24 июня в размашистые луга Лебкасного лога и Коровьей падьи приехала на дрожках секретарь сельсовета Хроменькая Надя, сразу подтянулись мужики и парни, а она под расписку отдавала повестки. Все молчали. Молодежь хотела сразу сорваться домой, потому что отправка уже завтра, но бригадир приструнил:
– Надо сенишко дометать, вы уйдете, а колхоз со скотом останется, чтобы вас кормить.
Пришлось робить, только Наде наказали, чтобы по всей деревне бани топили, мобилизованных напоследок попарить.
Семка слегка обмылся, окатился холодной водой и вышел на воздух. Вечер мирный, небо в звездах, ни ветерка. Поднялся наверх от бани, она у них на задах огорода, подошел к пряслу, а Даша стоит в платочке, в платьишке ситцевом, вся воздушная, родная, так и прыгнула к нему на руки:
– Сеня, миленький ты мой, вот и выбор наш кончился. Ты скажи своим, чтоб не теряли, а я тебя в вашем сеновальчике ждать буду.
Коротка июньская ночь, для долгожданной любви коротка, для военной разлуки.

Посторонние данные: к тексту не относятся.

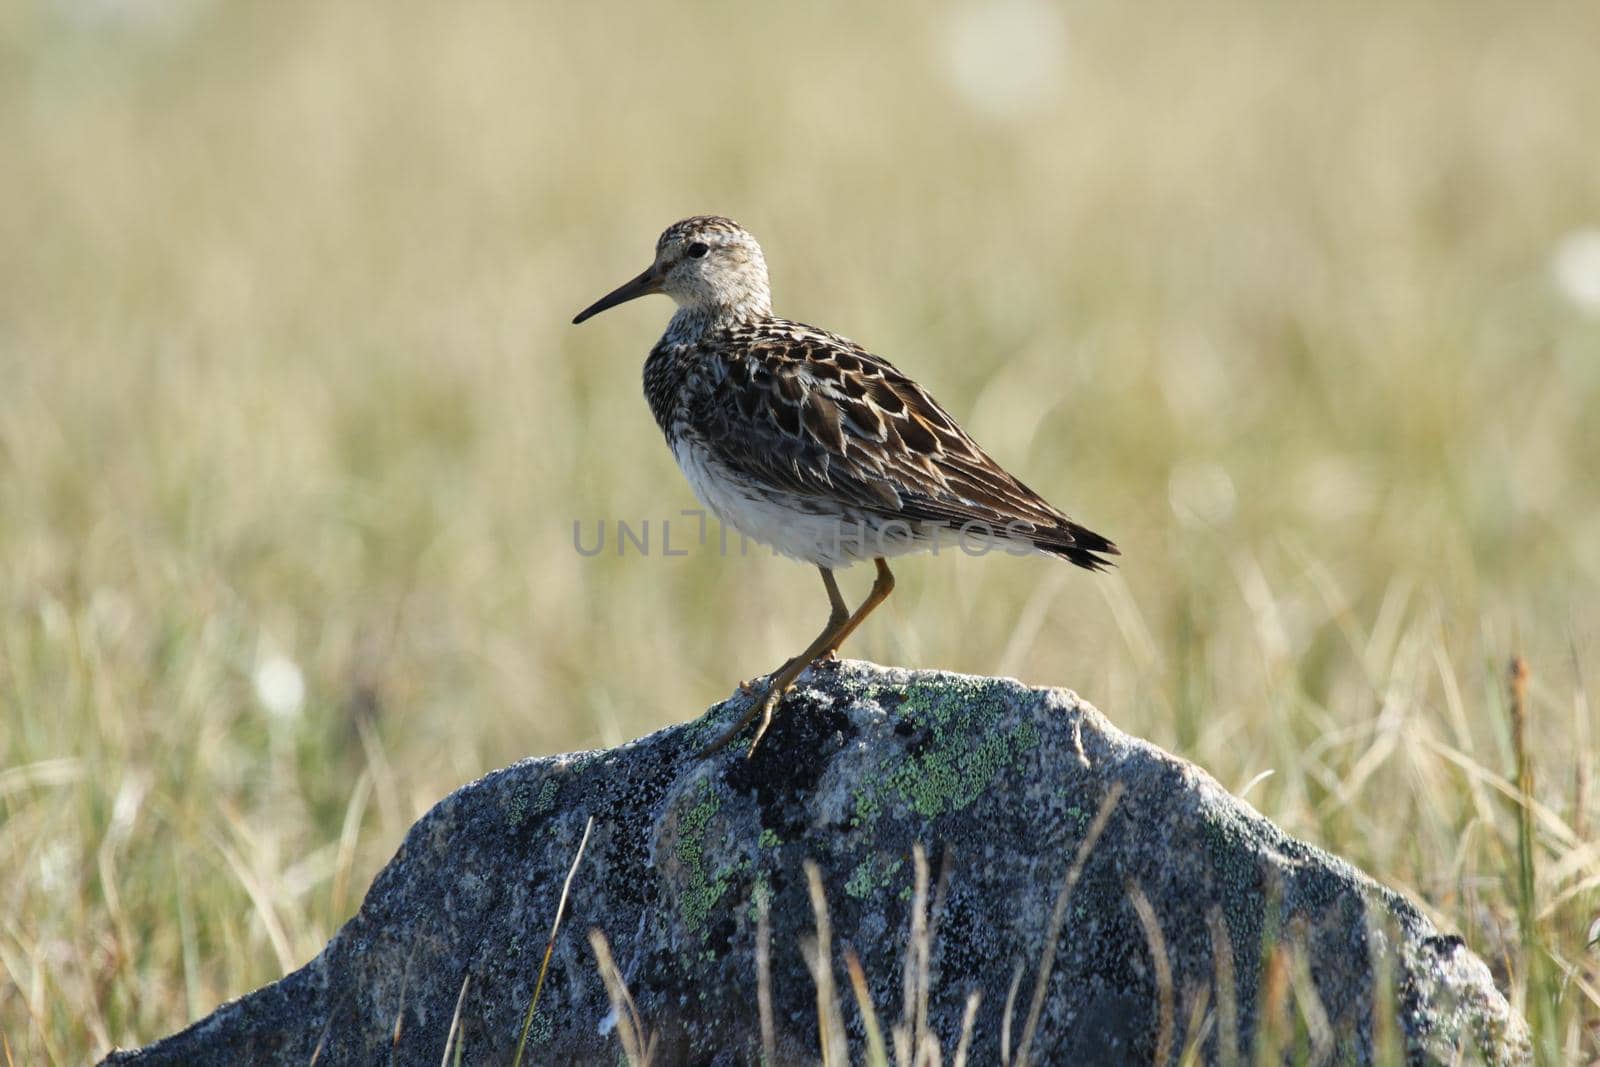 Pectoral sandpiper standing on a rock with tundra grass in the background by Granchinho
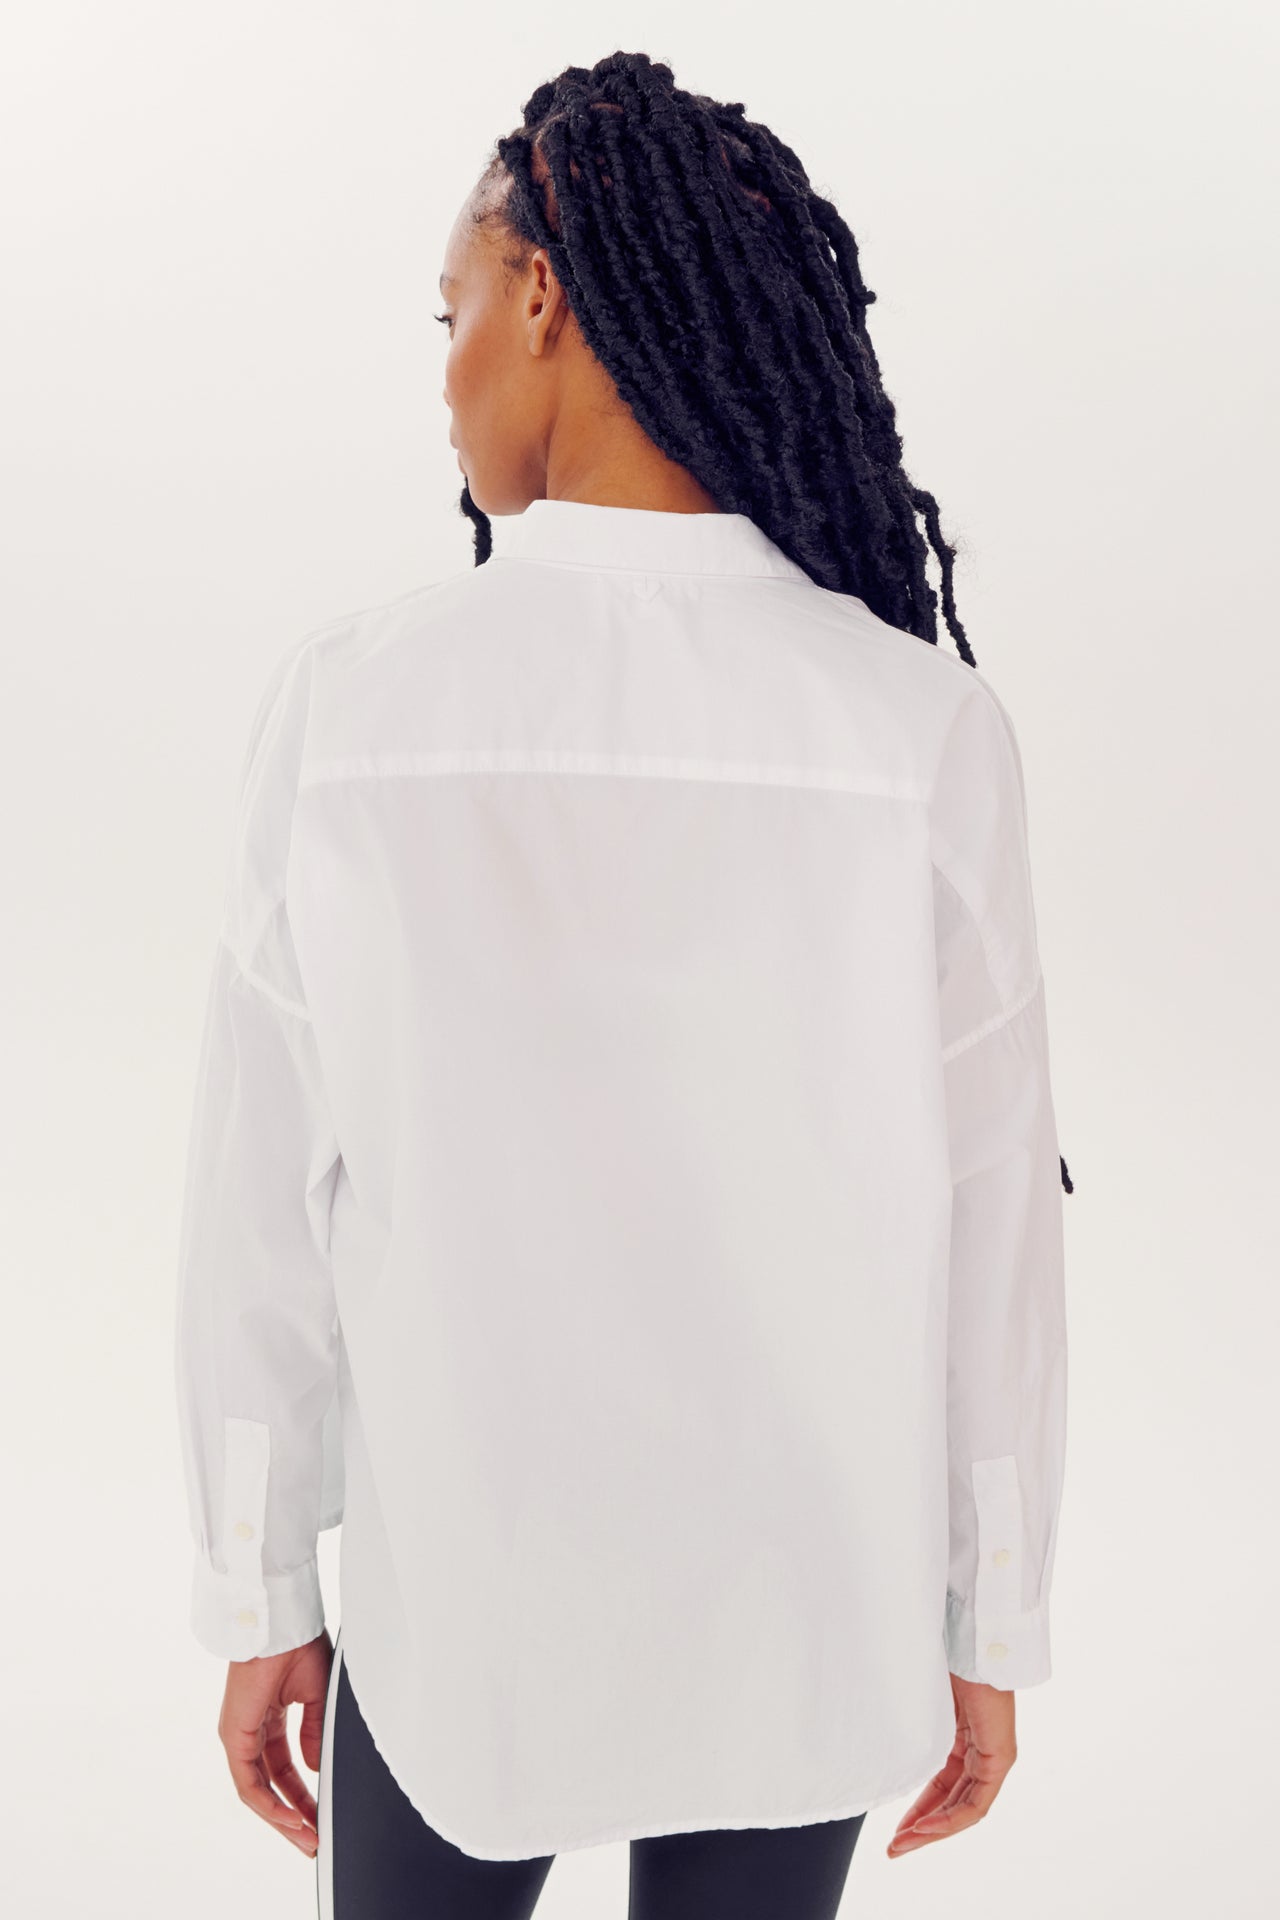 Woman wearing an Alex Mill x Splits59 Jo Shirt in White, viewed from behind.

Даша так и не выпускала Сему из объятий:
– Родной мой, единственный, муж вечный, пентюх ты битюковый, отчего девчонка должна все за тебя решать! Не приди я – так и не насмелился бы. Я тебя ждать стану, ты возвернешься скоро, там же недолго, я в газете читала. А я тебе потом ребятишек нарожаю, целую кучу, таких же тихонь да скромненьких.
– Выдаст он тебя.
– Теперь не выдаст, прикинусь беременной, я же по-всякому умею.
– Идти надо, Дашенька.
– Пойдем. Сейчас он меня встретит.
Она обняла его и крепко-крепко в губы поцеловала, он даже сойкал, пригнулась к самому лицу, посмотрела на свою работу, довольная собой:
– Засос тебе поставила, чтобы все видели, что провожала тебя на фронт горячая девка, теперь уж баба твоя.
Вокруг зазвенели подойники, заспанные хозяйки толкали лениво жующих коров. Начинался очередной крестьянский день.